New York Democratic Rep. Carolyn Maloney and a rendering of the monkeypox MPV virus.

The congresswoman wants to know what's being done to ensure that the LGBTQ+ community doesn't bear the full burden of the MPV outbreak.

The Democratic chairperson of the House Oversight Committee is demanding information from the Biden administration regarding monkeypox, including how the government plans to deal with the disproportionate impact the disease has on LGBTQ+ individuals.

In a new letter to Health and Human Services secretary Xavier Bacerra, obtained first by New York TV station NY1, U.S. Rep. Carolyn Maloney of Manhattan voiced concern about the supply of vaccines not meeting the demand. "In New York City, vaccine appointments fill up within minutes," she wrote.

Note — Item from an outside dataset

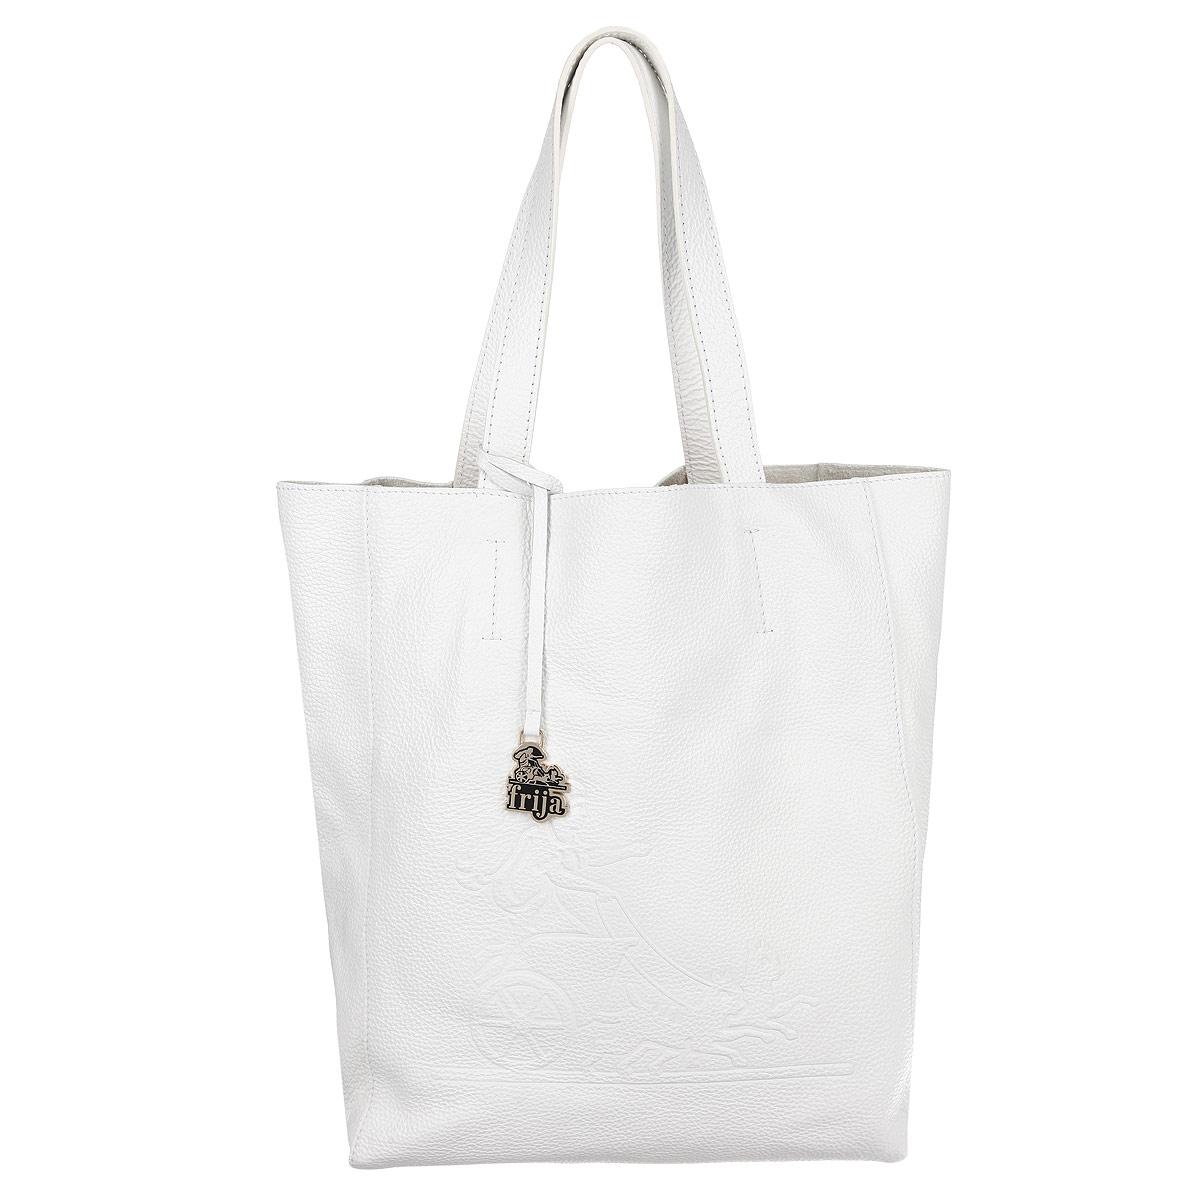 Сумка женская Frija, цвет: белый. 21-0200-1310931-1Стильная и удобная женская сумка Frija выполнена из мягкой натуральной кожи с фактурной поверхностью. Лицевая сторона изделия оформлена оригинальным тиснением в виде логотипа бренда. Сумка имеет одно вместительное отделение, дополненное накладным карманом на застежке-молнии. Изюминка модели - текстильный вкладыш в главном отделении, который крепится к корпусу сумки при помощи кнопок, закрывается на удобную застежку-молнию. Внутри вкладыша - врезной карман на застежке-молнии.Сумка оснащена двумя удобными ручками, позволяющими носить её на плече.Изделие упаковано в фирменный чехол. Сумка Frija - это стильный аксессуар, который подчеркнет вашу изысканность и индивидуальность и сделает ваш образ завершенным.

"I am also concerned that both CDC and commercial laboratories lack adequate capacity to test people experiencing monkeypox symptoms," she continued.

Rep. Ritchie Torres, also a Democrat representing New York, wrote to the inspector general of HHS and the Government Accountability Office earlier, calling attention to the issue and asking for an investigation into the MPV response.

"The U.S. has a long and ugly history of ignoring the public health needs of the LGBTQ community. For many in the community, history is repeating itself," the congressman representing the Bronx wrote.

Over 2,100 cases of MPV have been confirmed in the U.S. as of Tuesday, with almost one out of four cases occurring in the city of New York.

In the letter, Maloney offers some praise for the Biden administration, commending the vaccine strategy announced on June 28 and steps the Department of Health and Human Services (HHS) is taking to "make testing more accessible."

Particularly, she highlighted the barriers that are frequently encountered by those who become infected with this virus when it comes to obtaining antiviral medications and urged the Food and Drug Administration and the Centers for Disease Control and Prevention to make changes to their protocols in order to keep up with the outbreak.

"Currently, CDC must approve the administration of this medication on a case-by-case basis," she wrote.

On Wednesday, New York State Health Commissioner Dr. Mary Basset said there are not yet enough MPV vaccines for everyone who wants or is eligible to get one, NY1 reports.

Maloney wants HHS to provide a briefing to her staff no later than August 5.